I respectfully dissent. The trial court erred when it considered only the actual use of the snowmobiles at issue when determining whether MCL 691.1405, the motor-vehicle exception to the governmental tort liability act (the GTLA), MCL 691.1401 et seq., bars plaintiffs' lawsuit. I would reverse and remand for the trial court to consider the additional relevant factors that were omitted from its analysis.
The GTLA does not define "motor vehicle," but our Supreme Court has interpreted the common, ordinary meaning to be "an automobile, truck, bus, or similar motor-driven conveyance." Stanton v Battle Creek, 466 Mich 611, 617-618; 647 NW2d 508 (2002) (holding that a forklift is not a motor vehicle because it is a piece of industrial construction equipment) (quotation marks and citation omitted). Subsequently, this Court has struggled to make heads or tails of what the term "similar motor-driven conveyance" includes and has focused generally on some combination of the following three factors: physical attributes, intended use or purpose, and actual use of the conveyance at the time of injury.
The Supreme Court has not elaborated on the definition but has found in one case that the exception did not apply when a plaintiff was injured by a bus parked in a maintenance facility because the vehicle was not being "operated" when the injury occurred. Chandler v Muskegon Co, 467 Mich 315, 322; 652 NW2d 224 (2002). See also Overall v Howard, 480 Mich 896 (2007) (an order reversing for the reasons stated in the dissent) (Overall II); Overall v Howard, unpublished per curiam opinion of the Court of Appeals, issued April 26, 2007 (Docket No. 274588) (Overall I) (JANSEN, J., concurring in part and dissenting in part) (concluding that a golf cart driven near a concession stand at a high school football game was not a motor vehicle because, in terms of its design and physical attributes, it more closely resembled a forklift than the conveyances in other cases).
Wesche v Mecosta Co Rd Comm, 267 Mich App 274, 278; 705 NW2d 136 (2005), aff'd 480 Mich 75 (2008) (holding that a Gradall, a wheeled, hydraulic excavator, generally resembles a truck, moves like a truck, and qualifies as a motor vehicle and additionally noting that the Gradall was being driven like a truck on a public roadway when the injury occurred); Overall I (JANSEN, J., concurring in part and dissenting in part), unpub op at 1 (focusing on whether a golf cart was designed for operation on or alongside a roadway).
Regan v Washtenaw Co Bd of Co Rd Comm'rs (On Remand), 257 Mich App 39, 47-51; 667 NW2d 57 (2003) (holding that a broom tractor and a tractor mower were motor vehicles because both are "invariably connected to the roadways").
See Wesche, 267 Mich App at 278 (noting that the Gradall was being driven like a truck on a public roadway when the injury occurred); Yoches v Dearborn, 320 Mich App 461, 474-475; 904 NW2d 887 (2017) (holding that a tractor pulling a hay wagon used for hayrides was a motor vehicle because it was carrying passengers on a roadway when the injury occurred).
In this case, the trial court considered only the actual use of the snowmobiles at the time of injury.
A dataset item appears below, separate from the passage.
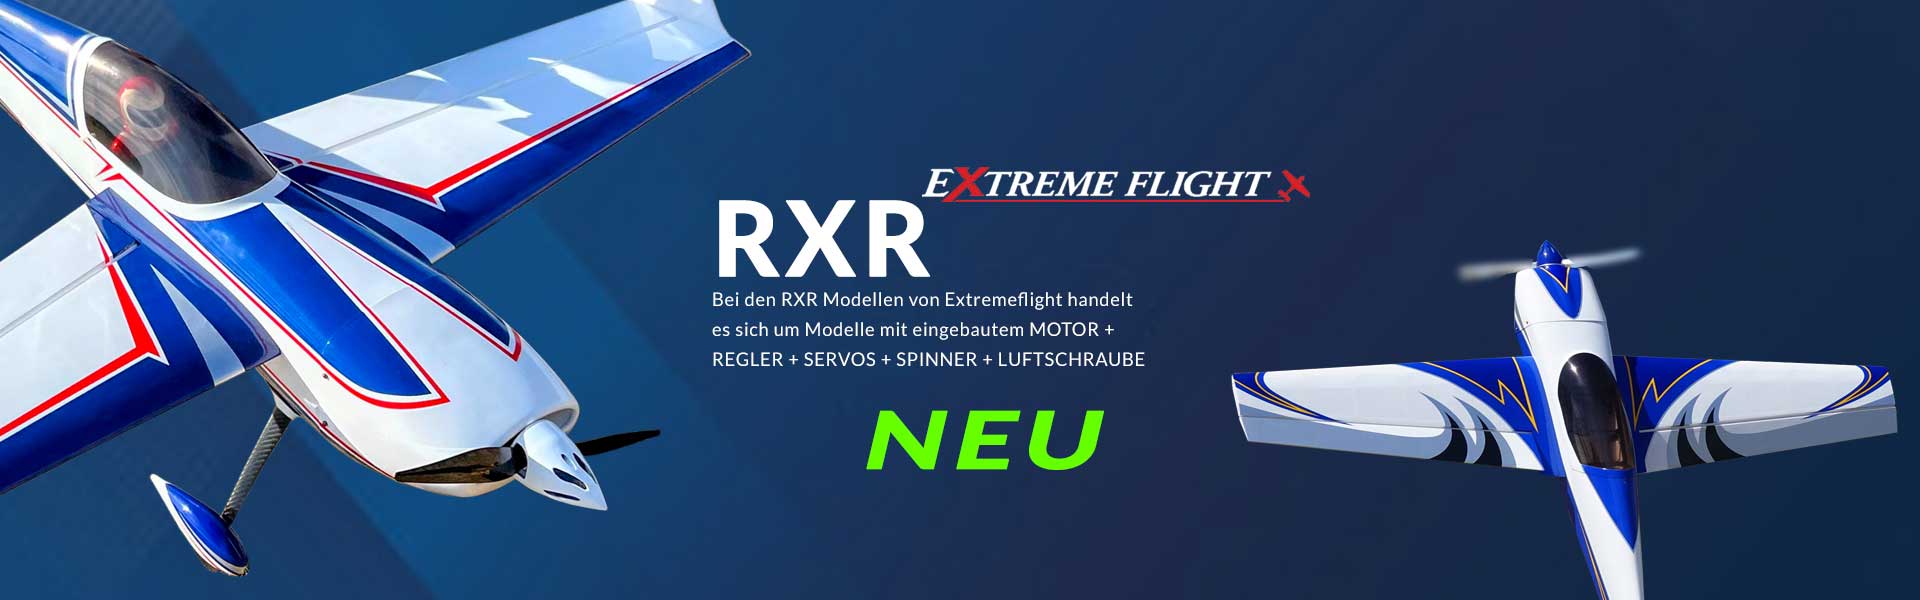 Extremeflight_RXR-1920x600

Although the "primary function" of a vehicle is not the controlling factor, the intended use or purpose and physical characteristics are relevant factors that the trial court failed to consider in this case.
Wesche, 267 Mich App at 277-278; Regan, 257 Mich App at 47-48.
See Overall I (JANSEN, J., concurring in part and dissenting in part), unpub op at 1 (considering a golf cart's physical attributes and intended use).
The majority considers those relevant factors but reaches a questionable conclusion. As defendant argues on appeal, there are numerous characteristics that make the snowmobiles in this instance dissimilar from a car, truck, or bus. For example, from the record we know that snowmobiles have skis and a treaded track for propulsion instead of wheels like cars, trucks, and buses. Further, snowmobiles lack the airbags, restraints, and complex safety mechanisms that are required by law in cars, trucks, and buses to prevent and reduce injuries in the event of a collision. Unlike cars, buses, and trucks, snowmobiles also generally cannot traverse ground that is not covered by snow or ice.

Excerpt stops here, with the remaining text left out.